The Conspirator opens Friday throughout the Triangle (see times below)

Our rating:

Not until about 20 minutes into The Conspirator do you realize why Robert Redford would direct a historical drama about the trial of one of the conspirators behind Abraham Lincoln’s assassination.

The opening act is a well-crafted recounting of the conspiracy to simultaneously murder Secretary of State William Seward and Vice President Andrew Johnson, culminating with John Wilkes Booth gunning down Lincoln inside Ford’s Theatre. Redford’s impressive attention to detail, here and throughout the film, includes the wooden brace Booth used to jam the door leading to Lincoln’s theater box, the diagonal placement of Lincoln on the bed inside William Peterson’s boarding house because the president was too tall to lie straight, and Secretary of War Edwin Stanton (Kevin Kline) ordering a hysterical Mary Lincoln out of the room.

As Booth and his cohorts are rounded up, the government eventually beats a path to a boarding house run by Mary Surratt (Robin Wright), where the assassination plot was allegedly hatched.

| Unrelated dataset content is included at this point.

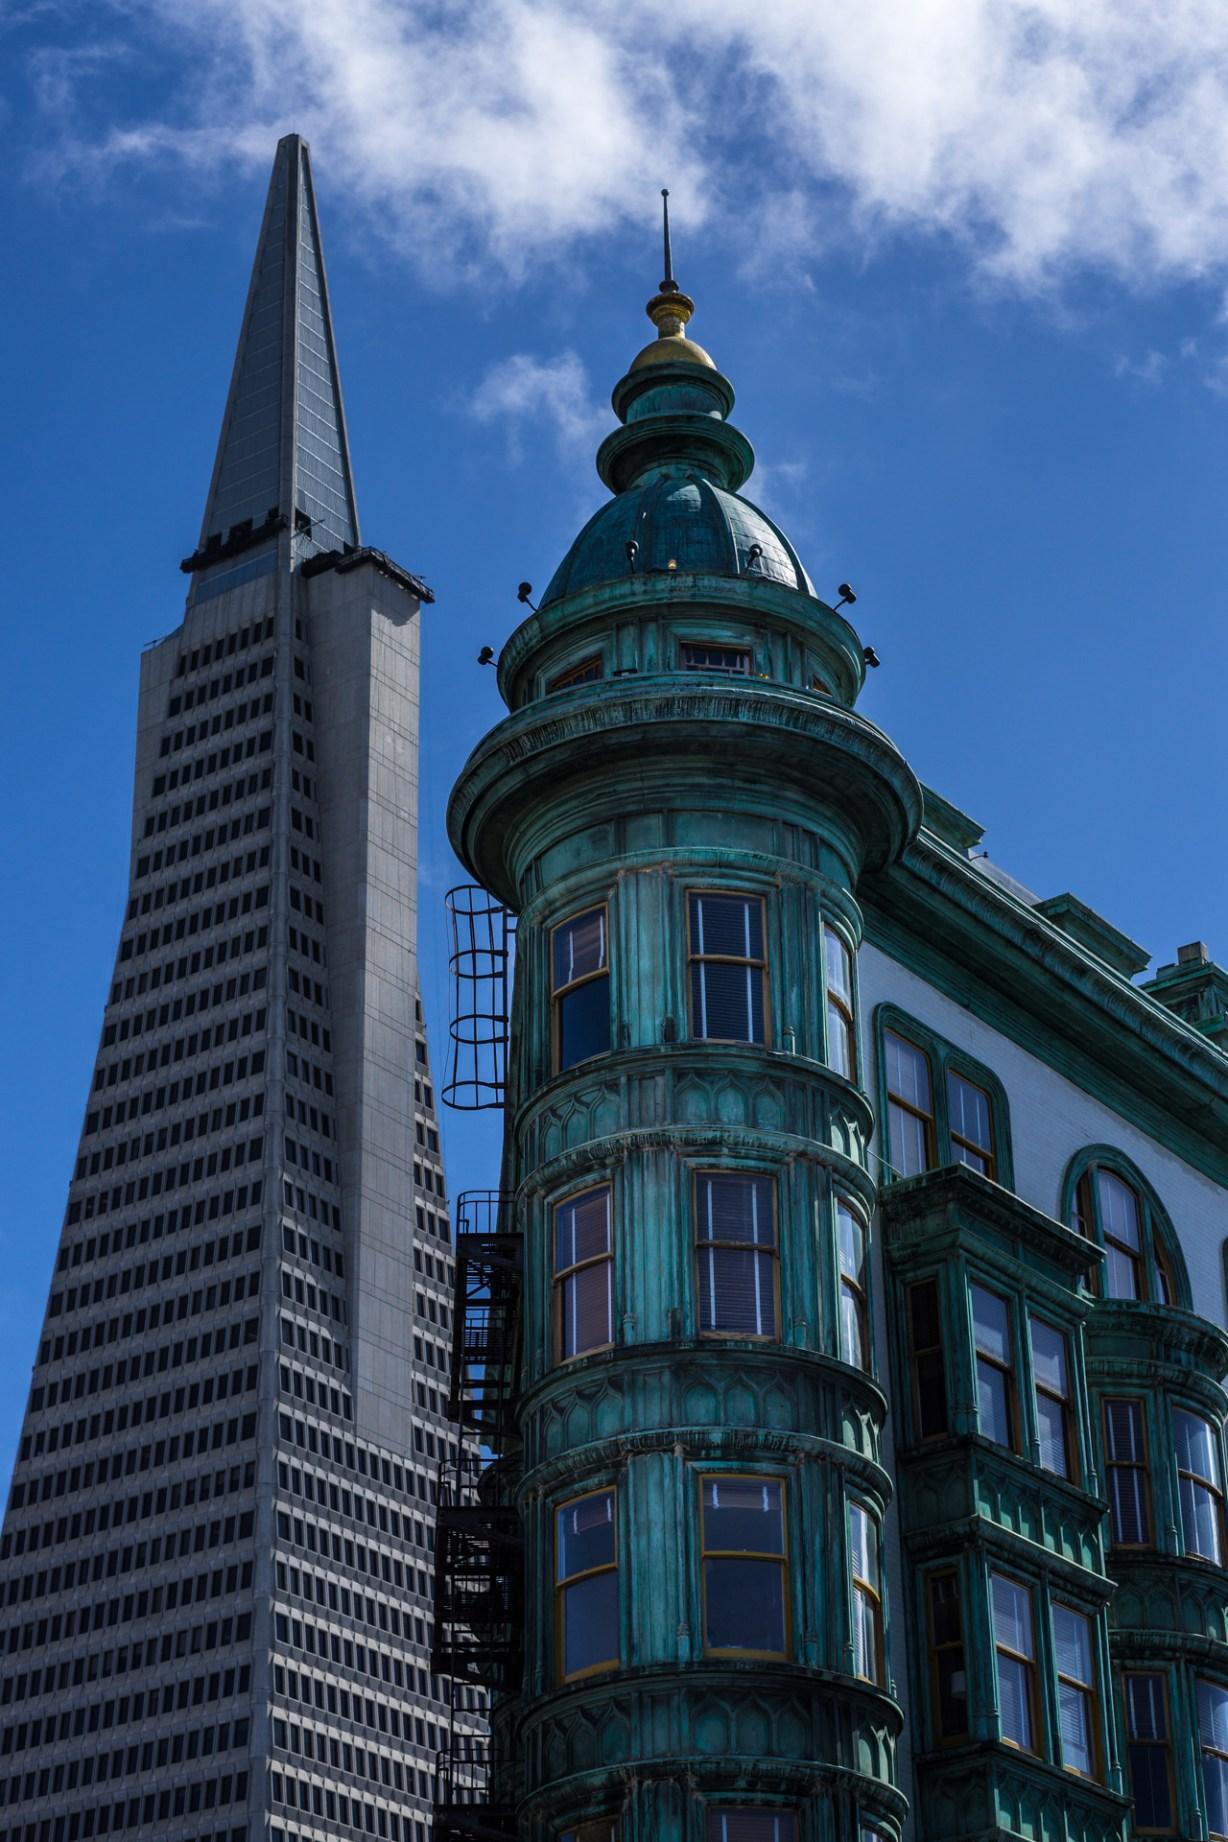 San Francisco ⎮ Transamerica Pyramid

Under orders from Seward, Surratt is tried before a military tribunal where she is not allowed to testify in her own defense, and neither she nor her attorney, Frederick Aiken (James McAvoy), are privy to the prosecution’s evidence prior to trial.

It’s only when the story line shifts focuses onto this Gitmo-style simulacrum, with Seward playing the part of a 19th-century version of Cheney or Rumsfeld, that Redford’s motives become far clearer than those of his characters. Aiken, a former Union soldier, is cast as a war hero and an idealist, but the only adversity he suffers for his unpopular defense of Surratt is banishment from his gentlemen’s club and the occasional anxiety of his fiancée.

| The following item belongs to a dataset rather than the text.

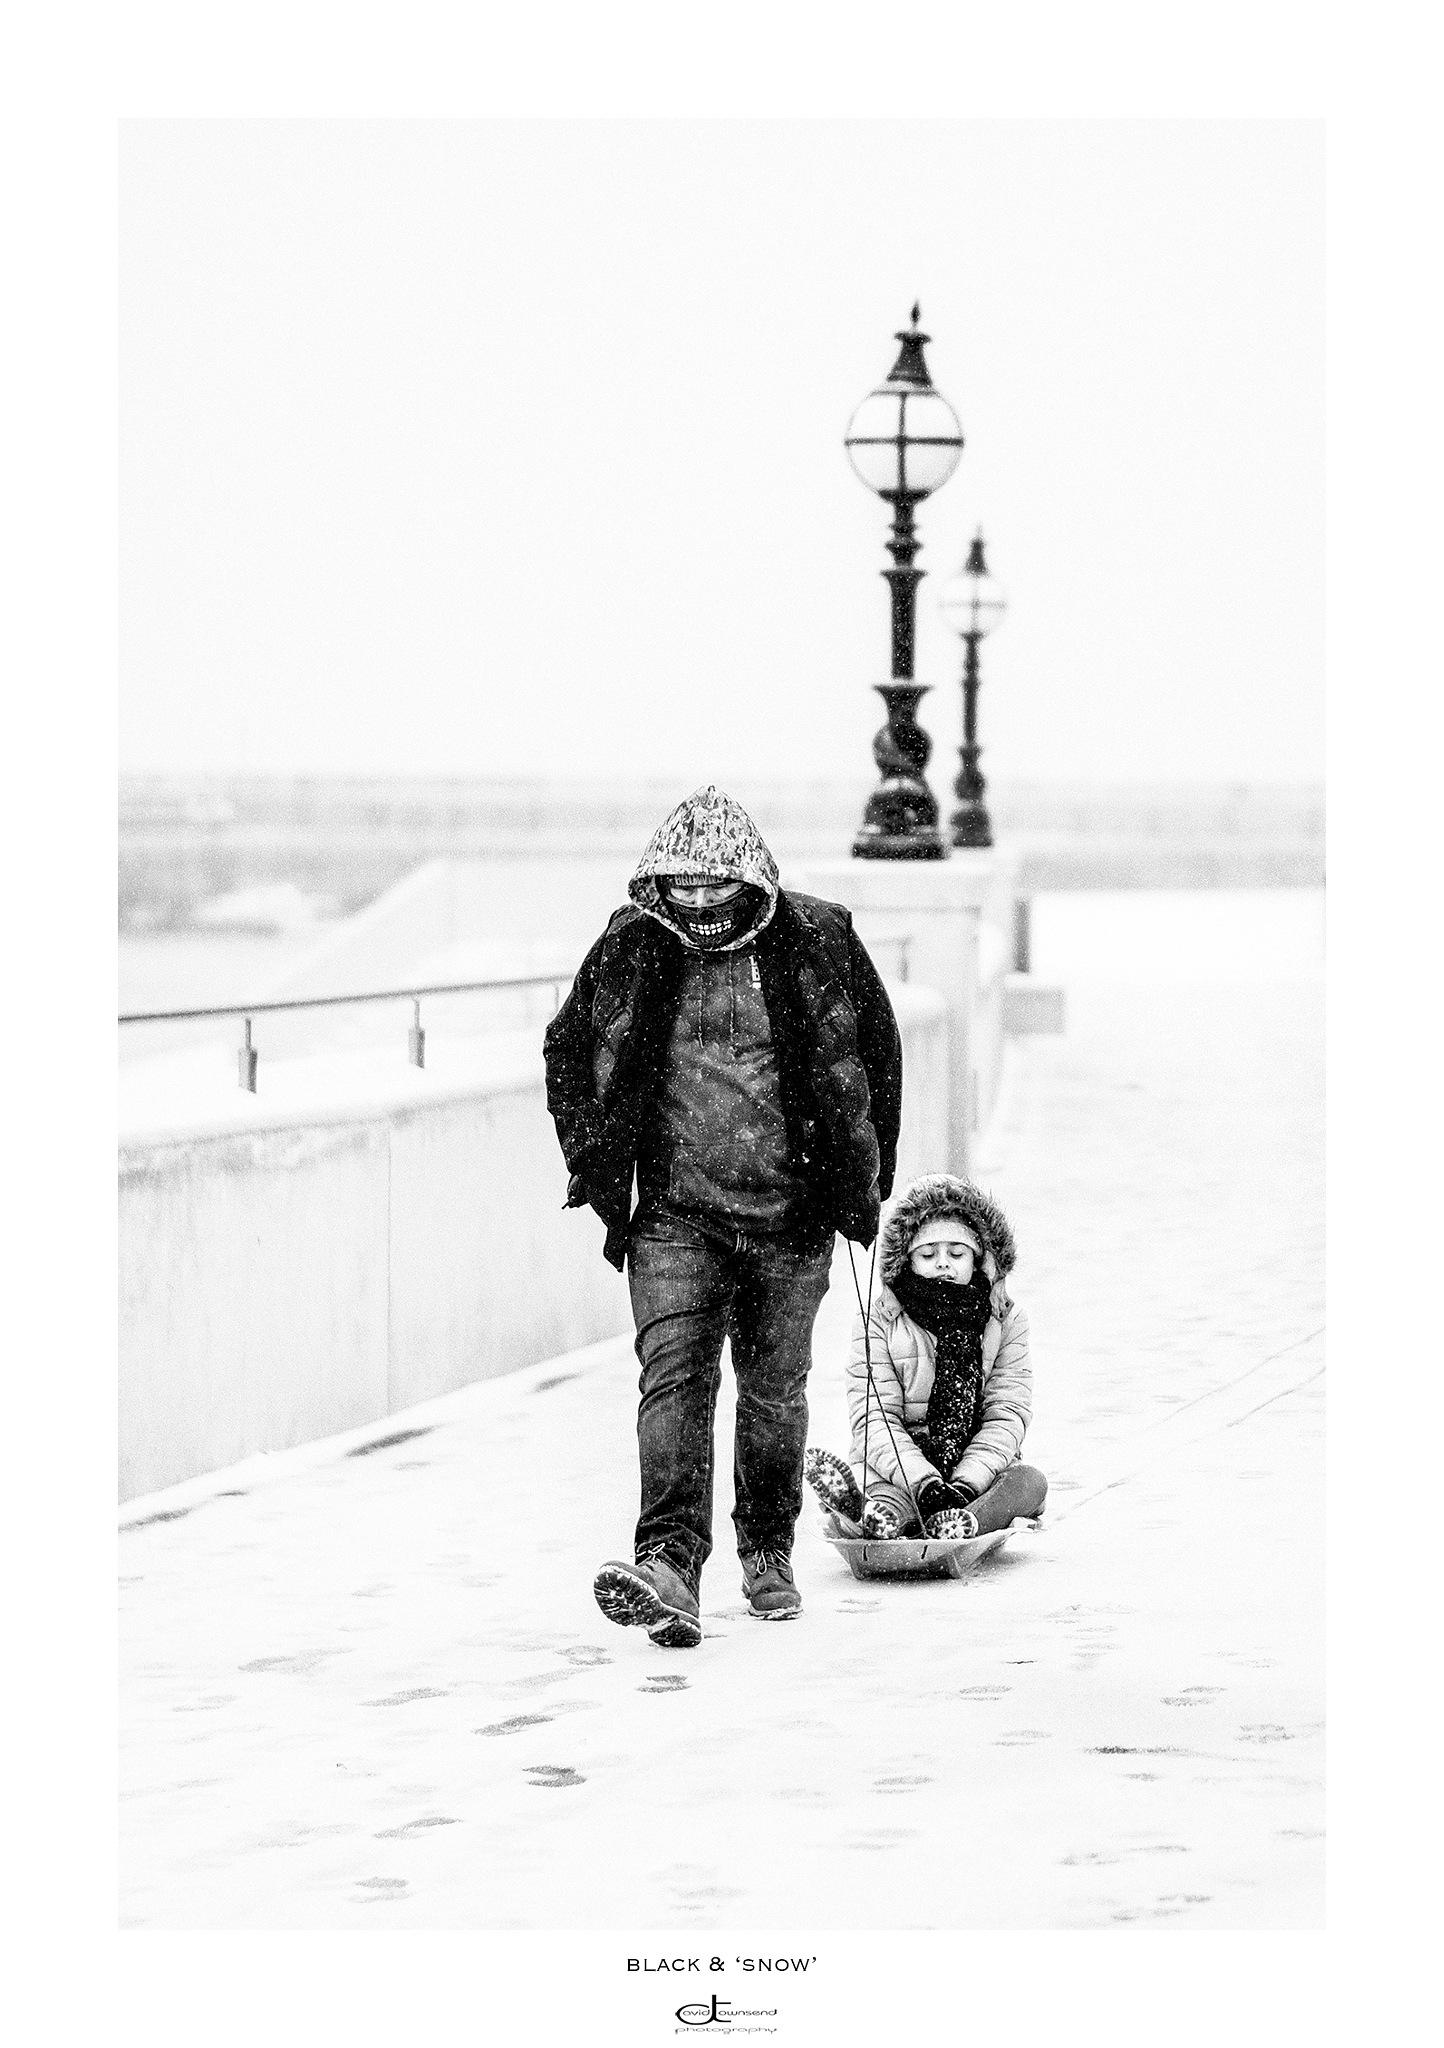 Black & 'Snow' by David Townsend

Meanwhile, we’re left puzzling over Mary’s relationship with her son John (Johnny Simmons) and daughter Anna (Evan Rachel Wood), both of whom are strangely reluctant to come to their mother’s aid. And other questions will come to irritable viewers, too, like why does every Southern character speak with such a clichéd drawl? (Tom Wilkinson’s senator from Maryland sounds as if he were voice-coached by Foghorn Leghorn.)

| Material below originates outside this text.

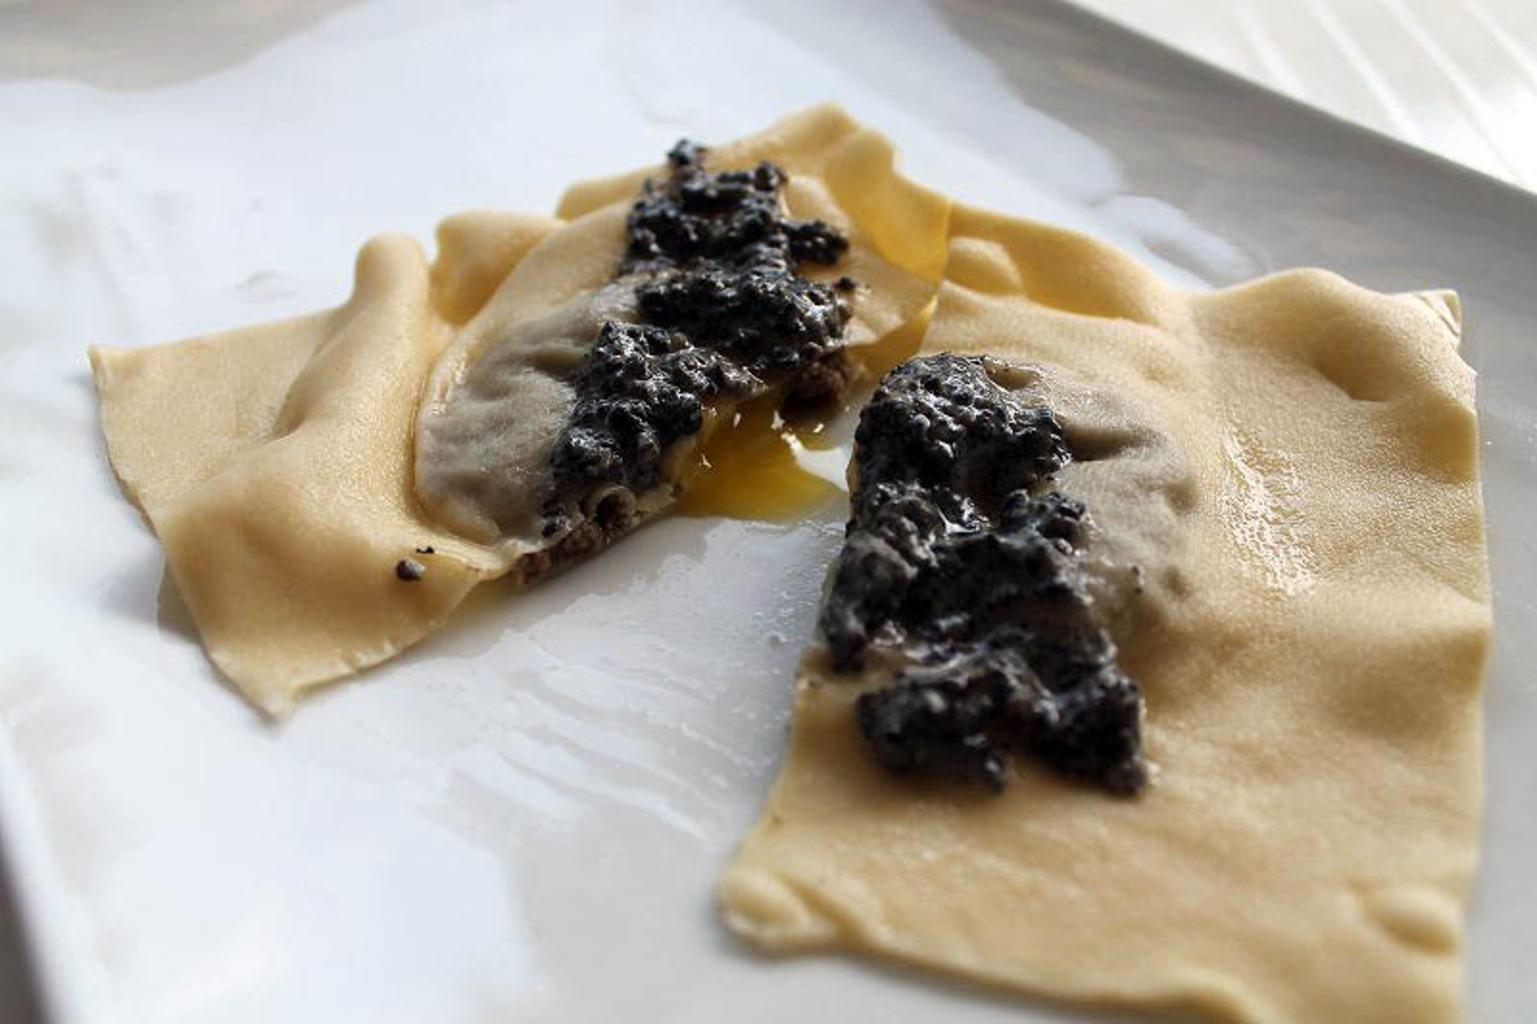 Ricetta Ravioli Con Uovo.Pib66mzivkv1zm

As some evidence of Mary’s culpability gradually emerges, writer James Solomon waffles between defending Mary’s innocence and indicting the legal apparatus erected to prosecute her. The latter is a more bloodless endeavor, but make no mistake: There was unfairness here that deserves contempt regardless of Mary’s guilt, including the improper influence exerted to ensure a death sentence. The trial and hanging of Mary Surratt is an important, nearly forgotten episode of American jurisprudence. However, The Conspirator is so captivated by its historical heft that it forgets to engage its audience in the figures at the center of the diorama.